According to a Texas A&M study: “[Over time, lead slowly] accumulates in the body and can cause lead poisoning. Even at low concentrations, when there are no outward symptoms, lead can damage the brain, kidneys, nervous system and red blood cells. Some effects of lead poisoning may diminish if the source of exposure is removed, but some damage is permanent.

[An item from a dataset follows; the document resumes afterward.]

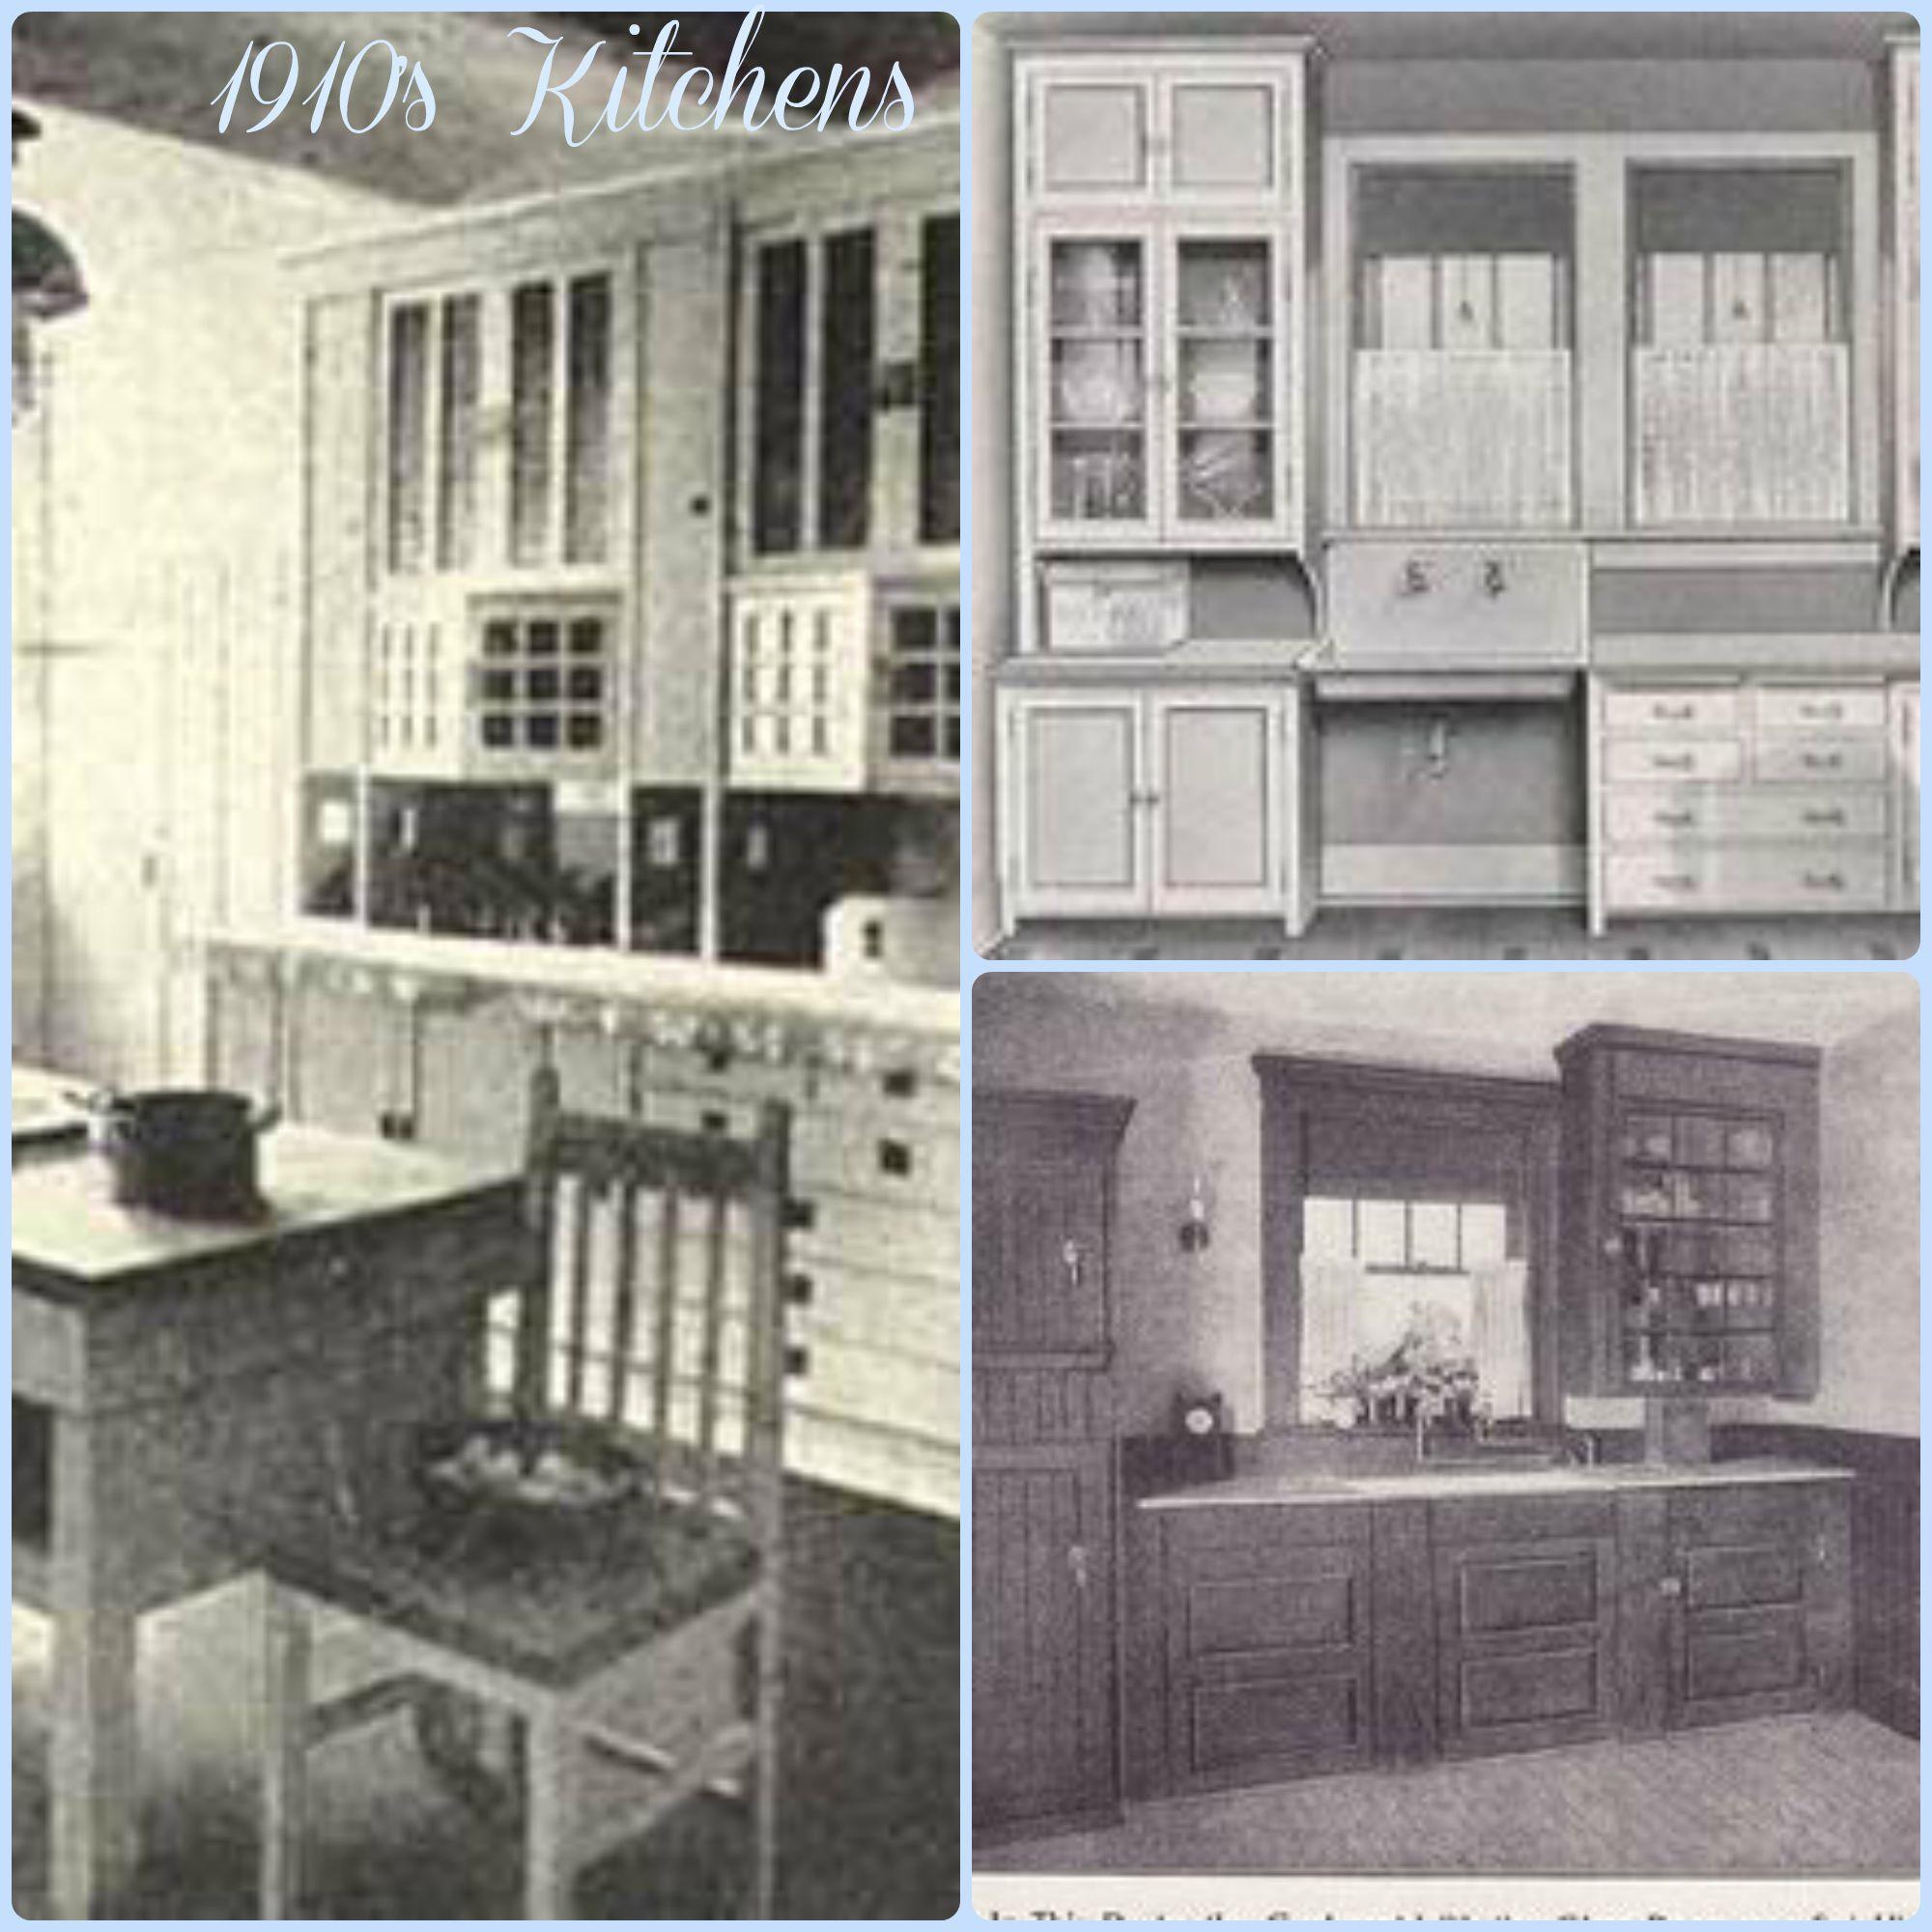 1910s Kitchens Jpg 2000 2000 Open Living Room Design Kitchen Pictures Victorian Homes

“Symptoms of lead poisoning include tiredness, a short attention span, restlessness, poor appetite, constipation, headaches, sudden behavior change, vomiting and hearing loss. Adults with lead poisoning may be irritable and disoriented.
“Interestingly, most children with lead poisoning do not show any visible symptoms, even though young children, infants and fetuses absorb lead more quickly than adults and are vulnerable to even small amounts of it. Lead poisoning can cause a child’s mental and physical development to be irreversibly stunted.”
Estimates from both governmental sources to Fitch Ratings suggest that the cost to replace all those old lead water utility pipes range from $250 to $300 billion. When all of our infrastructure fixes are aggregated, the total costs exceed $2 trillion, money that is not remotely close to that level in any federal or state infrastructure budget. The numbers grow annually as “deferred maintenance” makes things much worse. In fact, we are seeing conservative legislators, state and federal, fighting to reduce budgets and mandates for environmental agencies, including the EPA, and limiting how much we re willing to invest to bring the United States infrastructure into the 21st century.
It really does come down to how much we care about ourselves and our future. We are stupidly living off the investments of past generations, apparently unwilling to continue such efforts under a notion of “fiscal responsibility.” But once again, our elected representatives do not seem to be able to differentiate between “spending” (which has no economic rate of return) and “investing” (generally, education, research and infrastructure) which does. We cannot make our nation “great again” without massive investment in those aspects of life that only a government can make, and there are no shortcuts or panaceas to the contrary.
I’m Peter Dekom, and we need to face up to reality or live with the consequences… which can be fatal.